A esta presión turística debemos sumarle las 75 bases científicas que acogen a 4.000 científicos y personal de apoyo al año. Porque, aunque los turistas hayan aumentado exponencialmente, los científicos estamos más tiempo y nos movemos por tierra mucho más que ellos. Sin duda, las áreas más degradadas de la Antártida se encuentran en el entorno de las bases y la mayoría de ellas se encuentran en la zona más accesible y también más sensible, la misma zona preferida por los operadores turísticos. Y turistas y científicos, lógicamente, también coincidimos en viajar a la Antártida durante el verano austral (diciembre a marzo), que todo cunde más con más luz y menos hielo.
Peligro de invasión
Además de los daños directos causados por el trasiego de personas, uno de los peligros que más preocupa en la actualidad es la entrada de especies invasoras en la Antártida, que alteren la composición de su peculiar flora y fauna terrestres. Por un lado, las alteraciones de los ecosistemas suponen que las especies nativas sensibles a esos cambios reduzcan su rango geográfico natural y, por otro lado, la misma influencia humana que trae la alteración, trae también la propagación accidental (o no) de especies foráneas. Aquellas que son capaces sobrevivir en un rango de condiciones muy amplias, llamadas generalistas, pueden instalarse con éxito en detrimento de las especies nativas, y darse un proceso denominado homogeneización biótica que conlleva una reducción drástica de la biodiversidad.
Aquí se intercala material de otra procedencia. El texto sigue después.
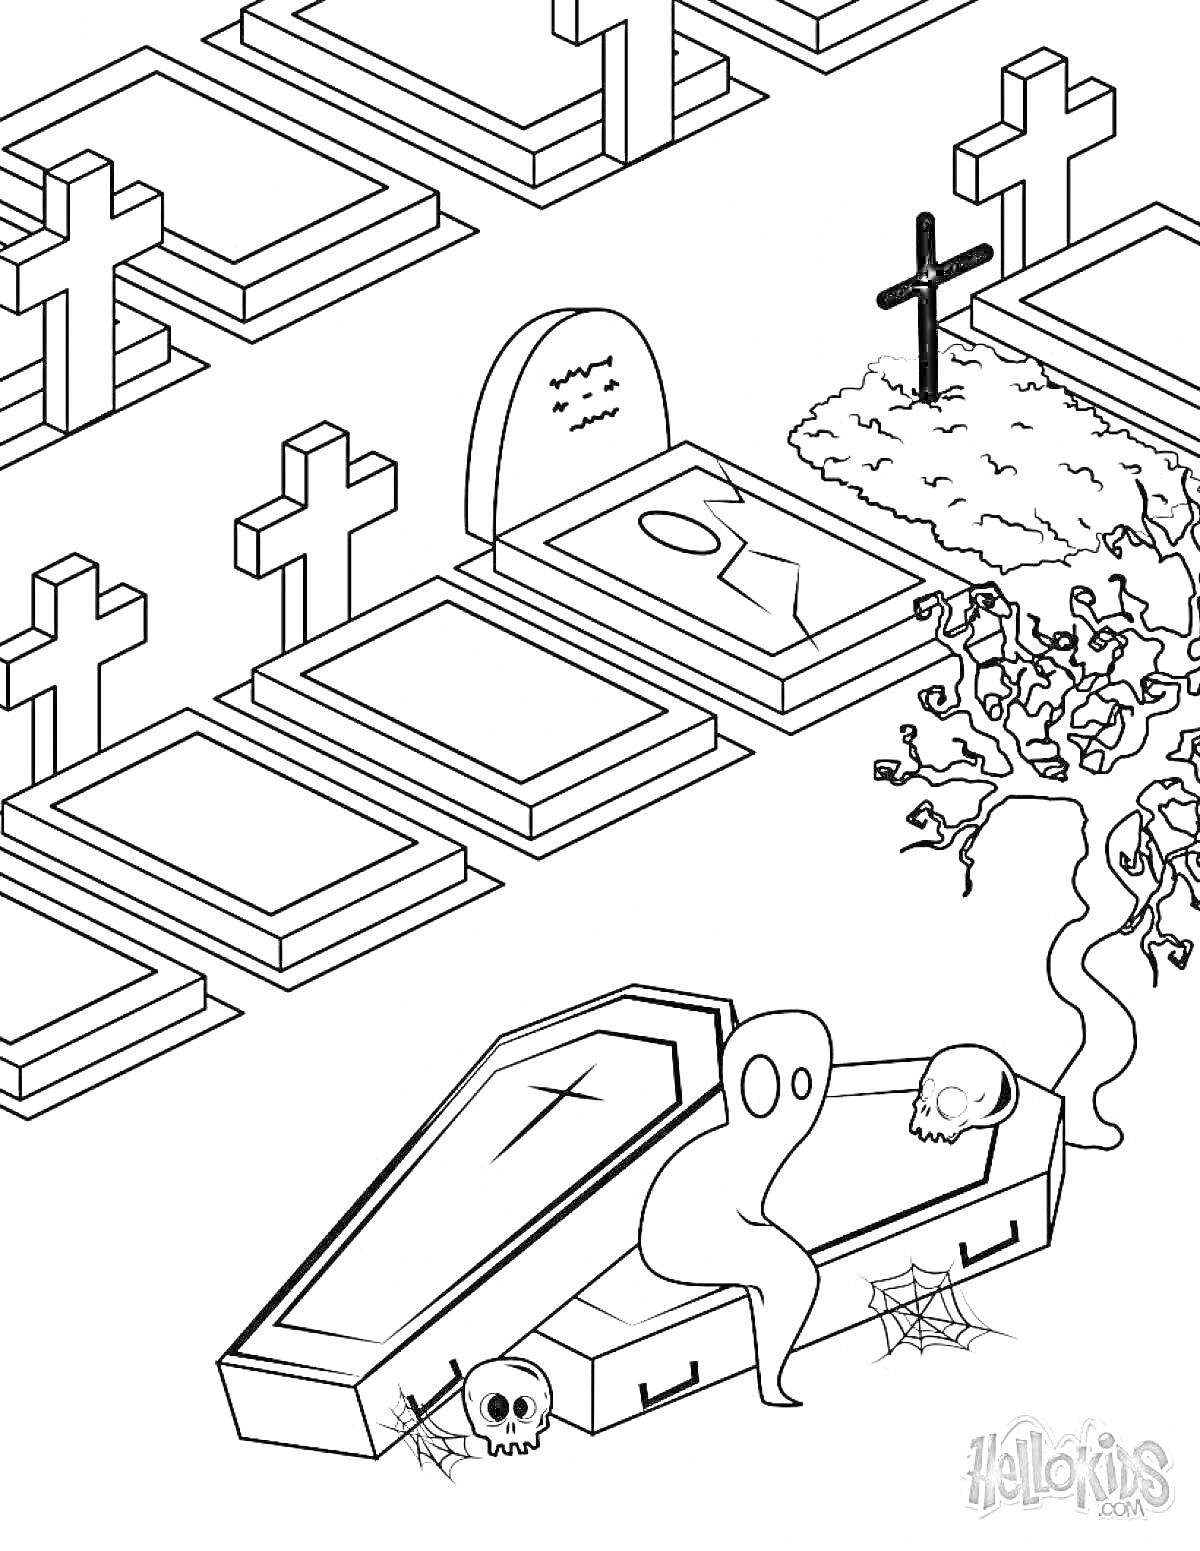 Раскраска кладбище с крестами, надгробиями, открытым гробом, привидением, черепом, деревом и паутиной

Poa annua se considera un riesgo real para las comunidades terrestres antárticas. Foto: Iryna Kozeretska.
Este peligro se ve agravado en un escenario de cambio climático como el actual, en el que se prevé un aumento de las temperaturas. El calentamiento facilita el asentamiento de especies para las que hasta el momento la Antártida era un lugar demasiado frío. El aumento de la cantidad de agua líquida disponible también puede dar mayor capacidad de competencia a las especies introducidas frente a las nativas. El resultado, según algunos autores, es que la probabilidad de asentamiento de nuevas especies en la Antártida es ahora 100 veces superior al esperable por procesos de dispersión naturales.
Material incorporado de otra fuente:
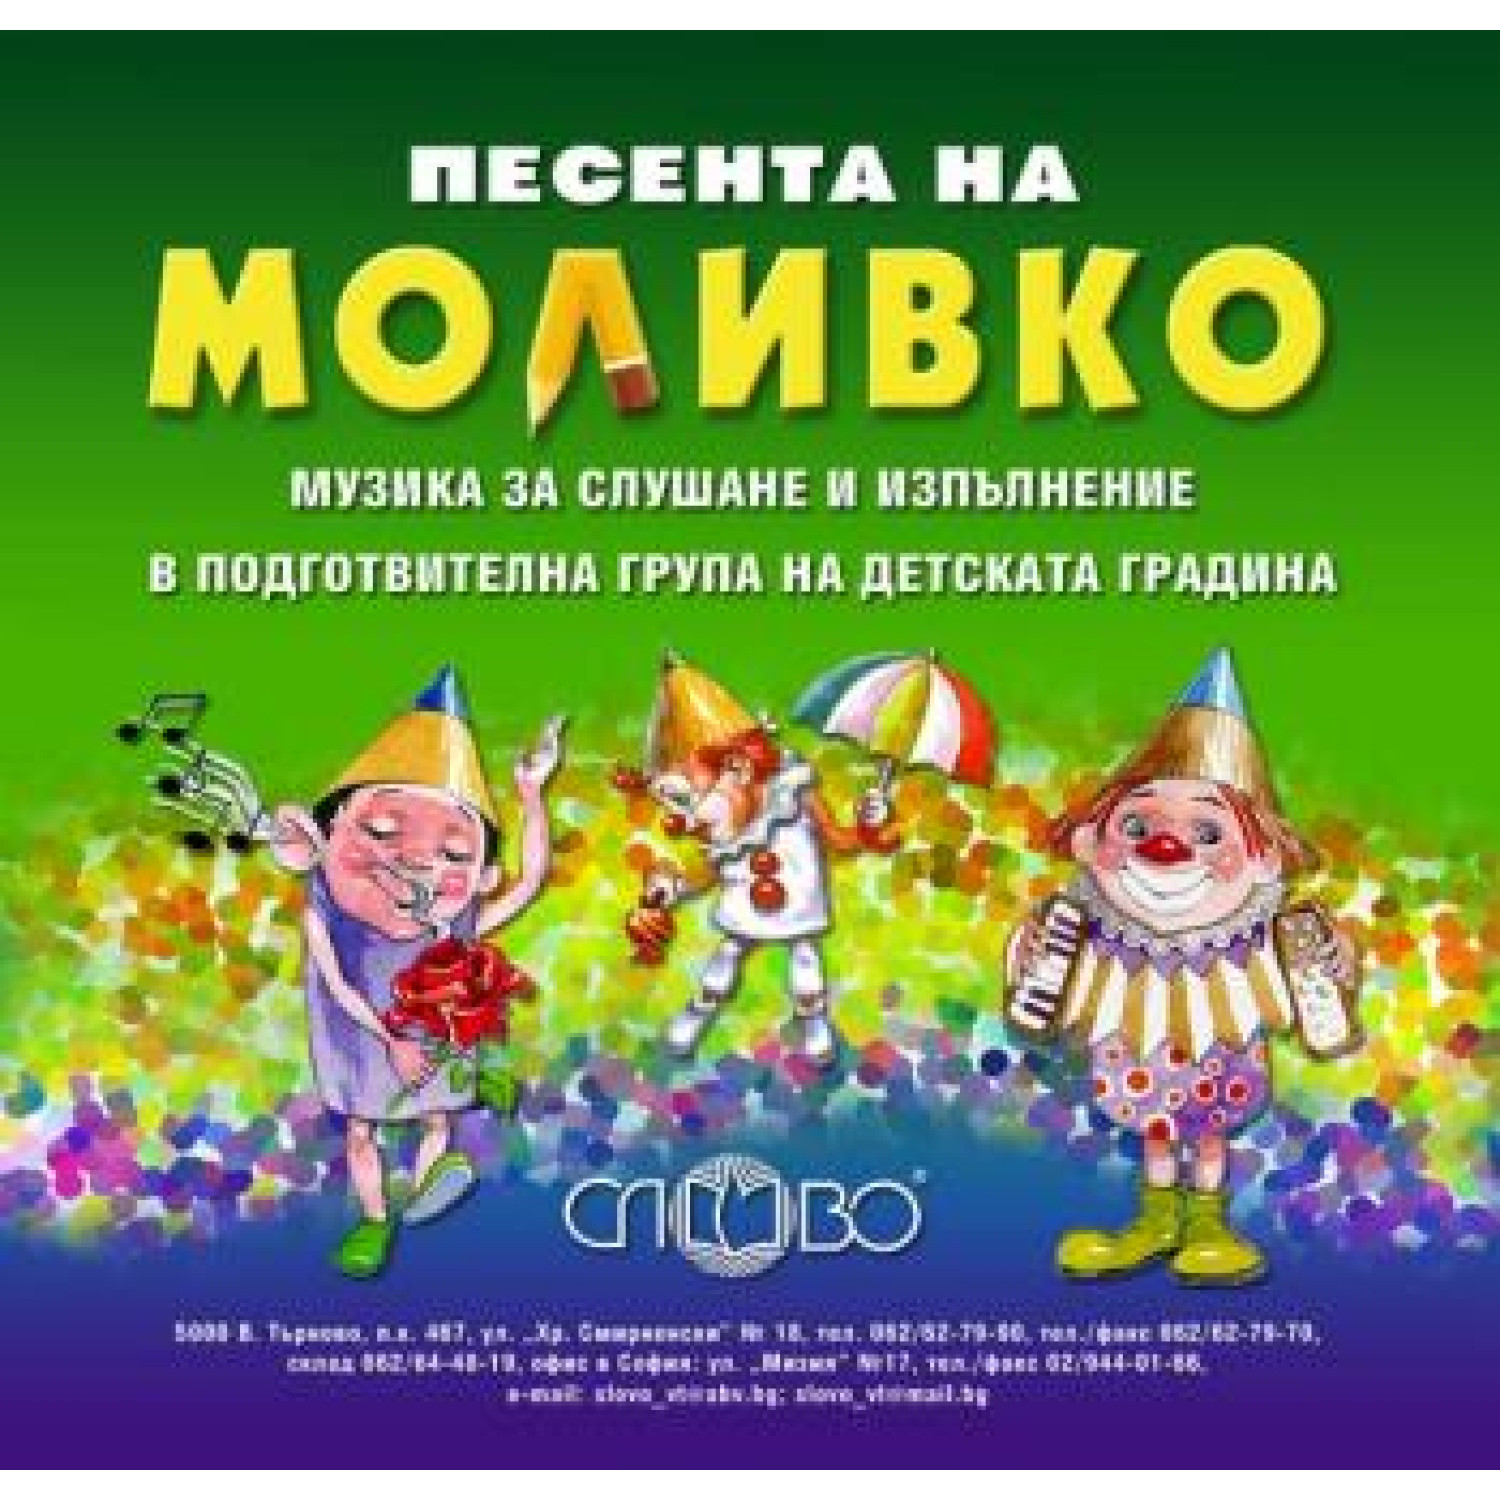 Песента на Моливко - музика за слушане и изпълнение, 6-7 години

La situación es relativamente buena todavía, al menos en comparación con zonas aledañas. Mientras en la zona subantártica (entre los 48º y 54º de latitud Sur), con más presencia humana y desde hace más tiempo y con un clima más benigno, se contabilizan casi 200 especies invasoras, en la Antártida solo se han confirmado cinco especies: dos invertebrados (Eretmoptera murphyi y Christensenidrilus blocki) y tres gramíneas (Poa annua, P. pratensis y P. trivialis).
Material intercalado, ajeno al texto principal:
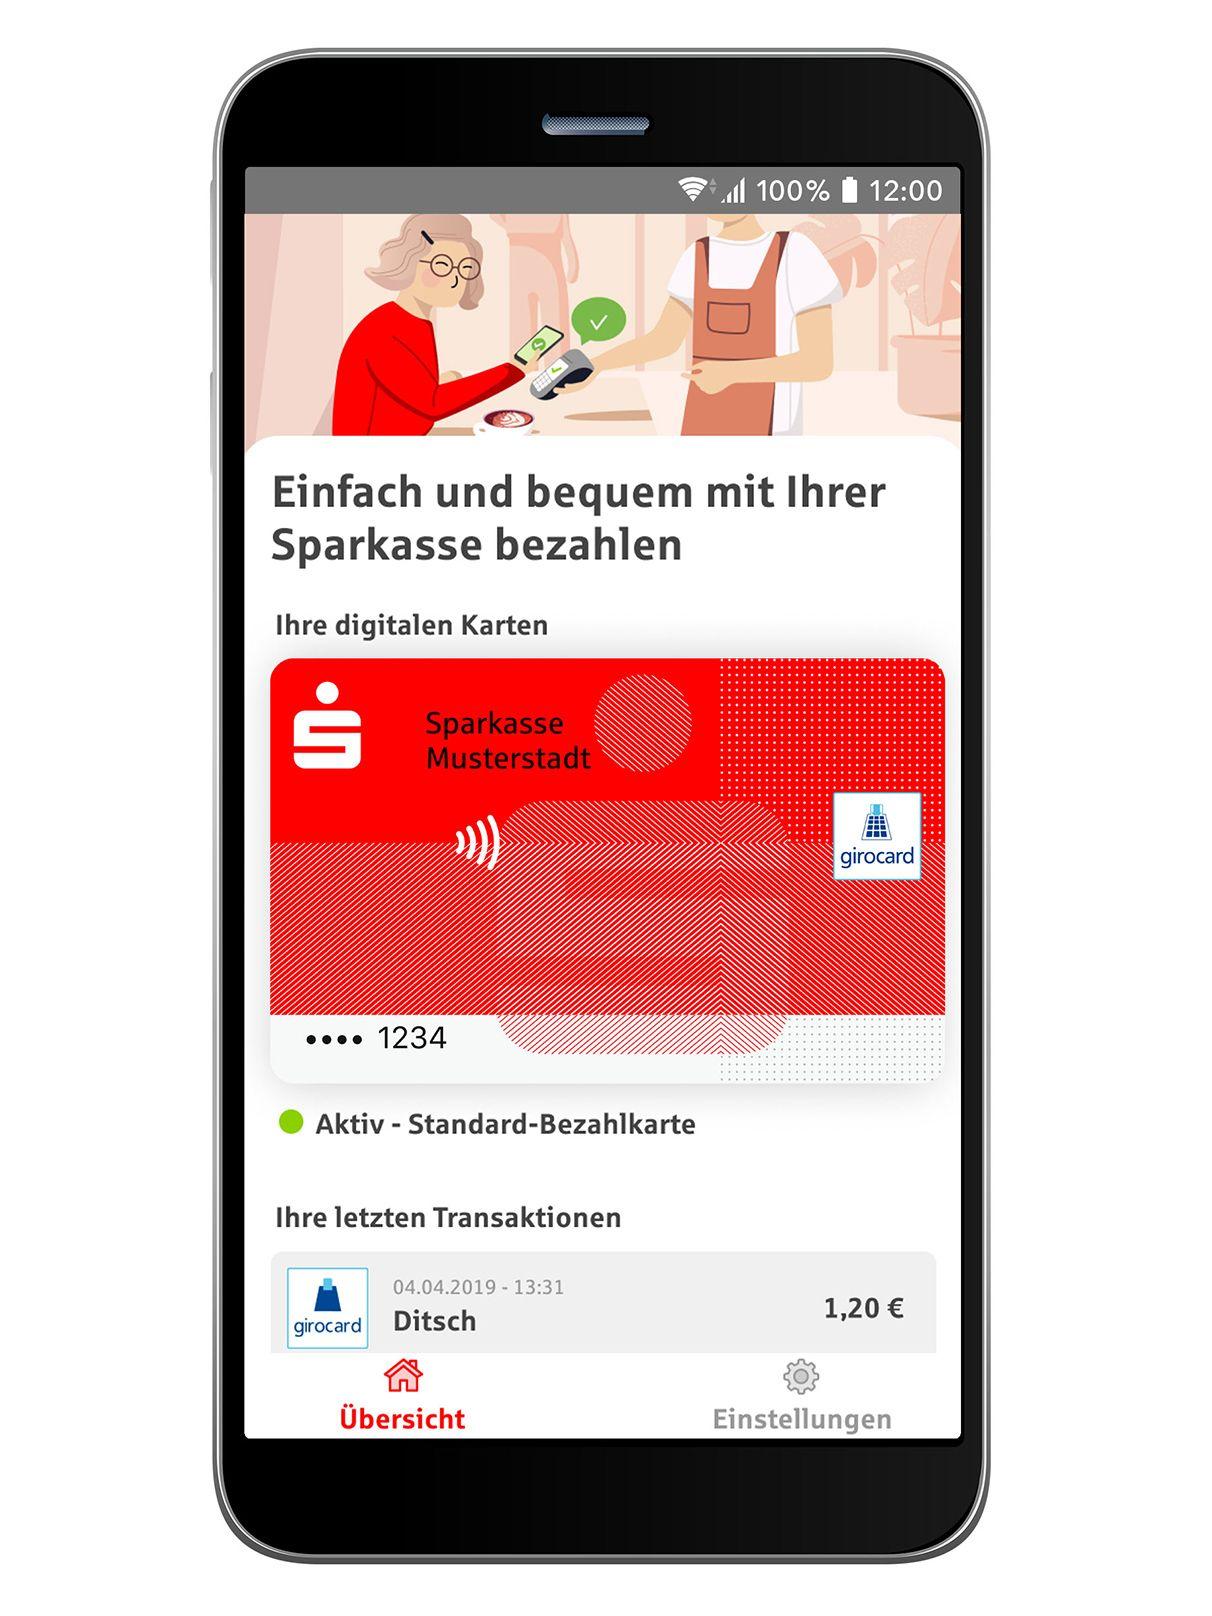 Ein Smartphone-Bildschirm auf weißem Grund. Eine Transaktion mit der digitalen Karte der Sparkasse über den Betrag von 1,20 Euro wird angezeigt.

Y es que la introducción de especies es una gran especialidad humana. Incluso cuando no lo pretendemos, llevamos semillas, huevos y esporas en los zapatos, hay insectos en la madera con la que construimos y en los embalajes. Nuestro querido velcro, presente en casi cualquier abrigo de montaña es, en realidad, un artefacto para el transporte de frutos y semillas. En la actualidad, los buques y todo el material que se lleva a la Antártida es sometido a protocolos de limpieza que intentan minimizar la entrada de nuevas especies que puedan llegar a asentarse. La vestimenta humana se aconseja que sea usada únicamente en la Antárttida: a los turistas se la proporciona la compañía y los científicos, si no tenemos un equipamiento exclusivamente antártico, limpiamos nuestras botas con un cepillo de dientes y desinfectante antes de dejar nuestra huella en la Antártida.
Imagen de cabecera: Isla Greenwich. Islas Shetland del Sur, Antártida. Autor Allan Jeffs.